Investor state dispute settlement, with an arbitration tribunal determining each case, is one of the key demands of US trade negotiators in the talks – although a report commissioned by the British government found that it was “likely to have few or no benefits to the UK, while having meaningful economic and political costs”.

In other words, it would sacrifice sovereignty on the altar of unfettered free trade, with big corporations calling the shots. This is backed by lobbies such as the Transatlantic Economic Council, which was set up in 2007 to press for more market deregulation, allowing free access to Europe for US goods and services.

Environmentalists fear these could include food products with genetically modified organisms (GMOs). But the commission insists basic laws, like those relating to GMOs, or that protect human life and health, animal health and welfare, or environment and consumer interests, will not be part of the negotiations.

However, the commission’s yielding to intense pressure from Canada and big oil companies over the classification of oil extracted from the tar sands of Alberta does not inspire confidence. Regulations to implement the 2009 fuel quality directive, adopted recently, fail to discriminate against what’s widely seen as the world’s dirtiest oil.

Neither is it encouraging to note that the list of “stakeholders” being consulted by the commission about TTIP is overwhelmingly corporate in character. According to the Corporate Europe Observatory, based in Brussels, at least 119 of the 130 meetings involving representatives of the commission were with big companies or corporate lobbyists.

A public consultation period that closed in mid-July drew more than 100,000 responses from all over Europe. Its aim, the commission said, was to ask citizens “whether the EU’s proposed approach to TTIP achieves the right balance between protecting investors and safeguarding the EU’s right and ability to regulate in the public interest”.

A coalition of more than 120 non-governmental organisations across Europe recently launched a “Stop TTIP” campaign, calling on commission president Juncker to revoke the EU’s negotiating mandate for the proposed deal unless it specifically excludes the controversial investor state dispute settlement mechanism.

Thousands took part in a European day of action against TTIP last Saturday, and more than 400,000 have signed a petition aimed at stopping the deal.

Fracking worries

At home, the Environmental Pillar (which represents 28 national groups) is concerned TTIP could “force Ireland to permit fracking against the will of the Irish people”. Under a similar agreement, the Canadian government was hit with a $250 million lawsuit from US oil and gas company Lone Pine Resources last year after Quebec banned fracking in the St Lawrence River basin.

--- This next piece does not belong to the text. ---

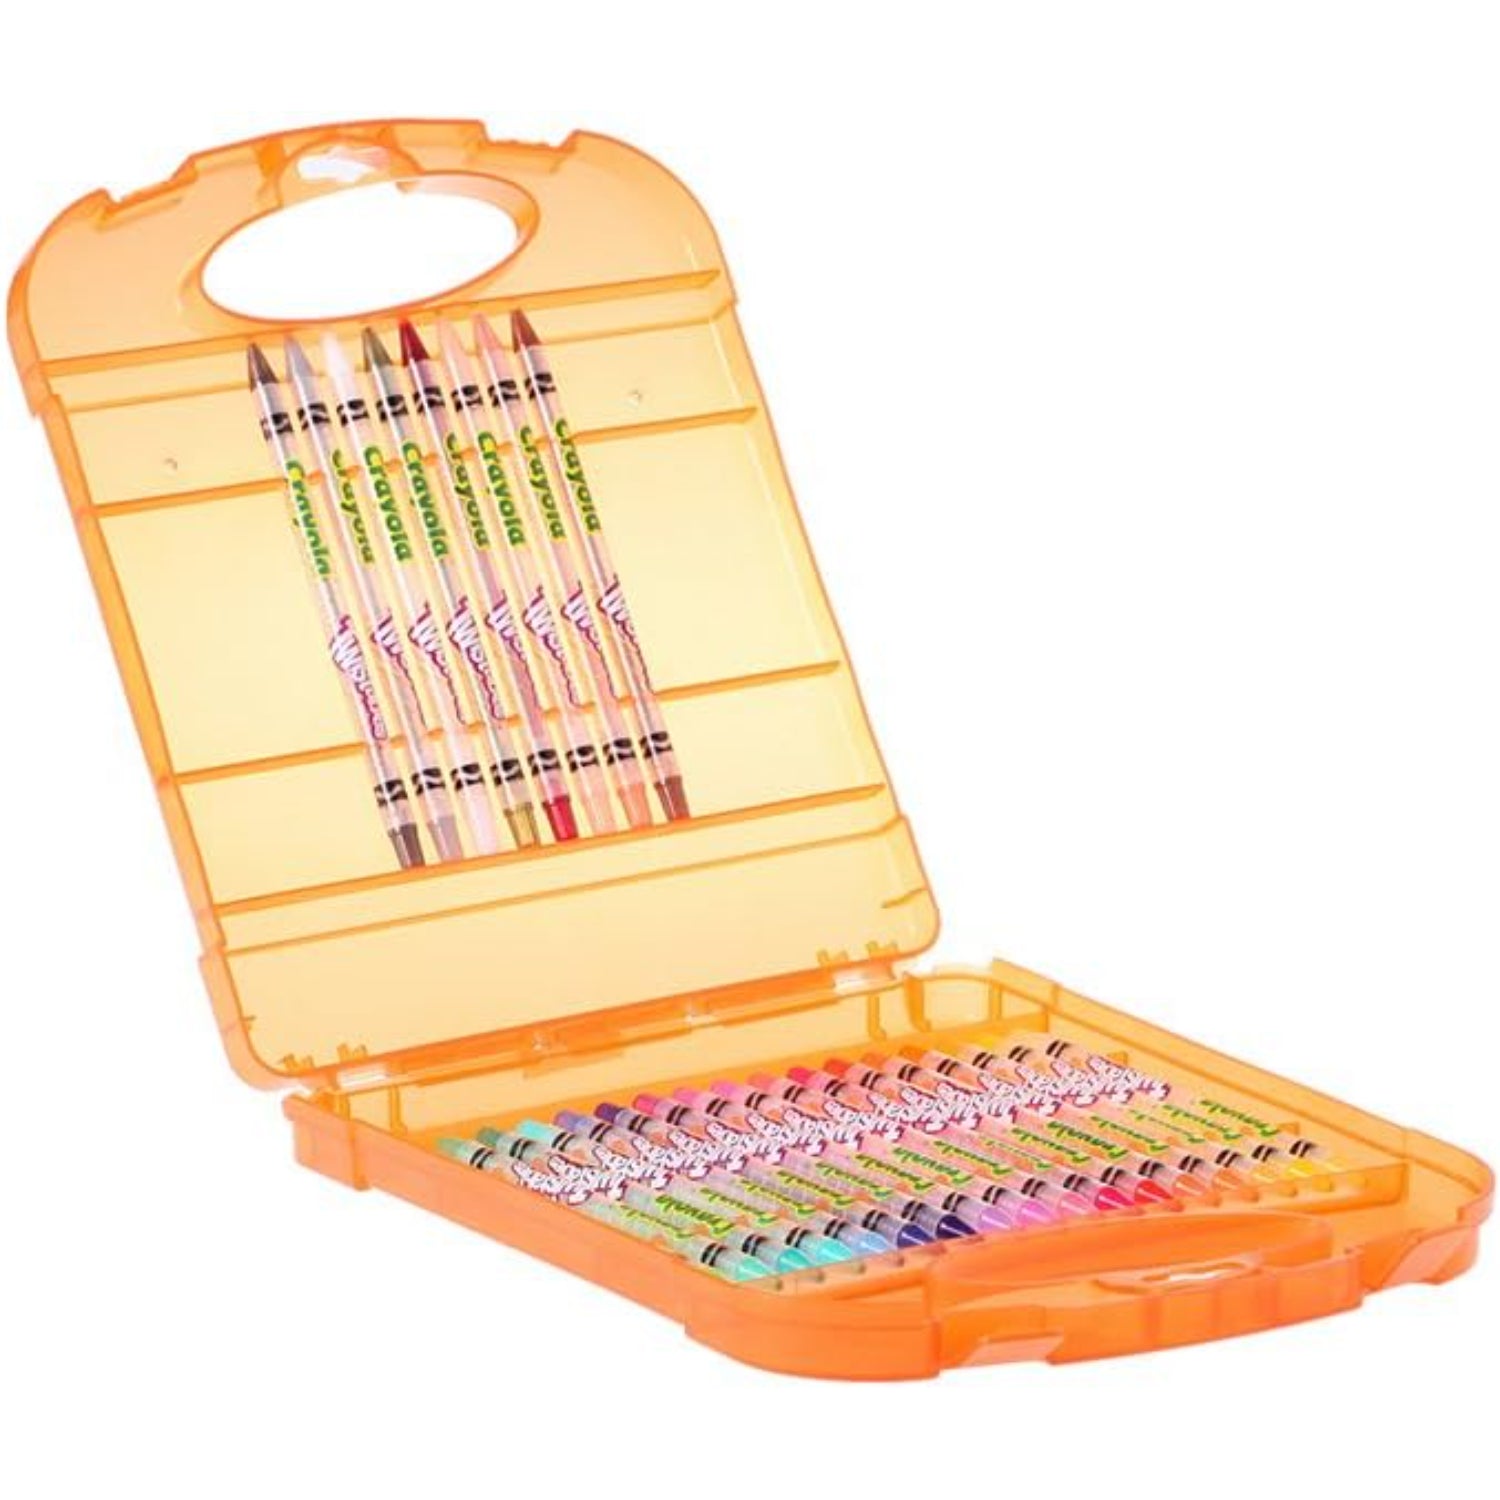 Crayola Twistables Colored Pencils Kit, 25 Twistables Colored Pencils and 40 sheets of paper

Meanwhile, powerful US lobbies are lining up their own agendas about what should be included in TTIP. The American Israel Public Affairs Committee, for example, is said to be drafting legislation that would make the deal conditional on the EU taking action to counter the Palestinian-inspired boycott, divestment and sanctions campaign.

Tom Healy, director of the Nevin Economic Research Institute, has blogged on how “a lack of transparency [on TTIP] is adding to a sense of unease in relation to areas such as social, environmental and regulatory rights” and he asked whether it would be possible at this stage to “throw the bath water out without the baby”.

What he argued for would involve keeping the “good bits” of TTIP, “insofar as it encourages higher growth and employment , and ditch the ‘bad’ bits such as ISDS [investor state dispute settlement], mention of public services and those provisions that could undermine labour/environmental standards”. But right now, he said it was “hard to see any baby from the dirty water”.